Flink TaskManagers do not start until job is submitted in YARN

classic Classic list List threaded Threaded
6 messages Options
Reply | Threaded
Open this post in threaded view
|

Flink TaskManagers do not start until job is submitted in YARN

suraj7
Hi,

I am using Amazon EMR to run Flink Cluster on YARN. My setup consists of
m4.large instances for 1 master and 2 core nodes. I have started the Flink
Cluster on YARN with the command: flink-yarn-session -n 2 -d -tm 4096 -s 4.

Flink Job Manager and Application Manager starts but there are no Task
Managers running. The Flink Web interface shows 0 for task managers, task
slots and slots available. However when I submit a job to flink cluster,
then Task Managers get allocated and the job runs and the Web UI shows
correct values as expected and goes back to 0 once the job is complete.

I would like Task Managers to be running even when no Job is submitted as I
want to use Flink's REST API to monitor and modify parallelism based on the
available slots value while scaling Core Nodes.

Is there a configuration that I've missed which prevents Task Managers from
running all the time?

Thanks,
Suraj



--
Sent from: http://apache-flink-user-mailing-list-archive.2336050.n4.nabble.com/
Reply | Threaded
Open this post in threaded view
|

Re: Flink TaskManagers do not start until job is submitted in YARN

Dawid Wysakowicz-2
Hi Suraj,

As far as I know this was changed with FLIP-6 to allow dynamic resource
allocation.

Till, cced might know if there is a switch to restore old behavior or
are there plans to support it.

Best,

Dawid

On 24/09/18 12:24, suraj7 wrote:

> Hi,
>
> I am using Amazon EMR to run Flink Cluster on YARN. My setup consists of
> m4.large instances for 1 master and 2 core nodes. I have started the Flink
> Cluster on YARN with the command: flink-yarn-session -n 2 -d -tm 4096 -s 4.
>
> Flink Job Manager and Application Manager starts but there are no Task
> Managers running. The Flink Web interface shows 0 for task managers, task
> slots and slots available.

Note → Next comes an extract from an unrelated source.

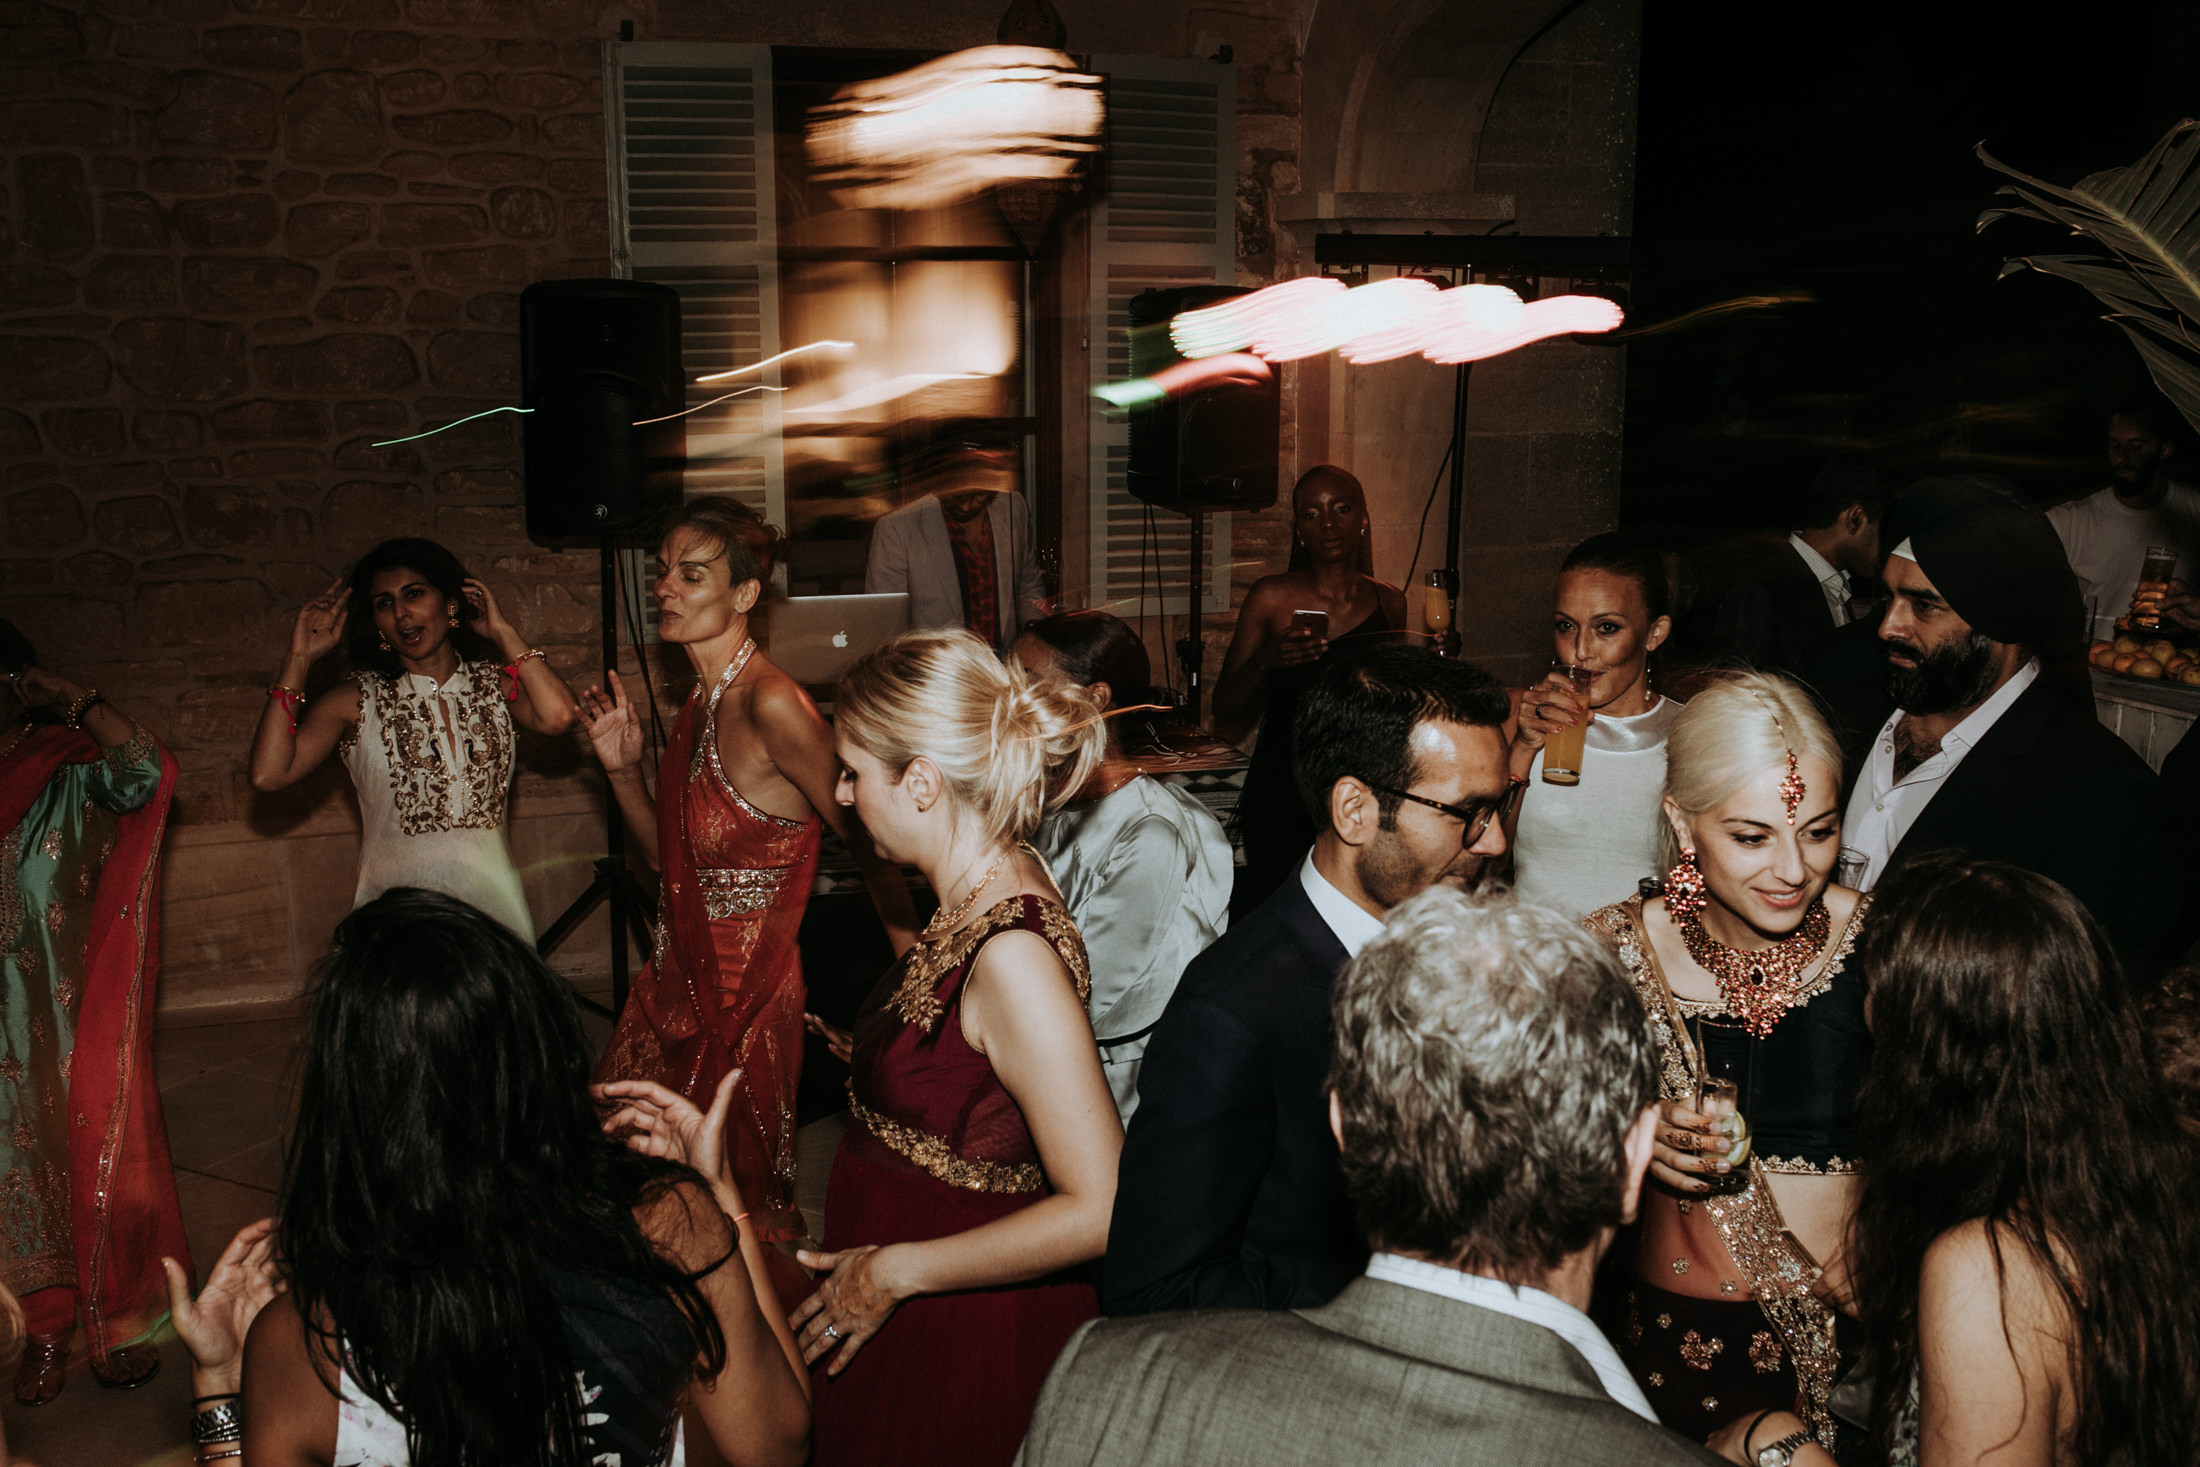 Wedding_Photographer_Mallorca_Daniela-Marquardt_Photography_New_York_Iceland_Tuscany_Santorini_Portugal_Austria_Bavaria_Elopement_Hochzeitsfotograf_AntjeRajat1_52

However when I submit a job to flink cluster,
> then Task Managers get allocated and the job runs and the Web UI shows
> correct values as expected and goes back to 0 once the job is complete.
>
> I would like Task Managers to be running even when no Job is submitted as I
> want to use Flink's REST API to monitor and modify parallelism based on the
> available slots value while scaling Core Nodes.
>
> Is there a configuration that I've missed which prevents Task Managers from
> running all the time?
>
> Thanks,
> Suraj
>
>
>
> --
> Sent from: http://apache-flink-user-mailing-list-archive.2336050.n4.nabble.com/


signature.asc (849 bytes) Download Attachment
Reply | Threaded
Open this post in threaded view
|

Re: Flink TaskManagers do not start until job is submitted in YARN

Till Rohrmann
Hi Suraj,

at the moment Flink's new mode does not support such a behaviour. There are plans to set a min number of running TaskManagers which won't be released. But no work has been done in this direction yet, afaik. If you want, then you can help the community with this effort.

Cheers,
Till

On Mon, Sep 24, 2018 at 3:07 PM Dawid Wysakowicz <[hidden email]> wrote:
Hi Suraj,

As far as I know this was changed with FLIP-6 to allow dynamic resource
allocation.

Till, cced might know if there is a switch to restore old behavior or
are there plans to support it.

Best,

Dawid

On 24/09/18 12:24, suraj7 wrote:
> Hi,
>
> I am using Amazon EMR to run Flink Cluster on YARN. My setup consists of
> m4.large instances for 1 master and 2 core nodes. I have started the Flink
> Cluster on YARN with the command: flink-yarn-session -n 2 -d -tm 4096 -s 4.
>
> Flink Job Manager and Application Manager starts but there are no Task
> Managers running. The Flink Web interface shows 0 for task managers, task
> slots and slots available. However when I submit a job to flink cluster,
> then Task Managers get allocated and the job runs and the Web UI shows
> correct values as expected and goes back to 0 once the job is complete.
>
> I would like Task Managers to be running even when no Job is submitted as I
> want to use Flink's REST API to monitor and modify parallelism based on the
> available slots value while scaling Core Nodes.
>
> Is there a configuration that I've missed which prevents Task Managers from
> running all the time?
>
> Thanks,
> Suraj
>
>
>
> --
> Sent from: http://apache-flink-user-mailing-list-archive.2336050.n4.nabble.com/


Reply | Threaded
Open this post in threaded view
|

Re: Flink TaskManagers do not start until job is submitted in YARN

suraj7
Thanks for the clarification, Dawid and Till.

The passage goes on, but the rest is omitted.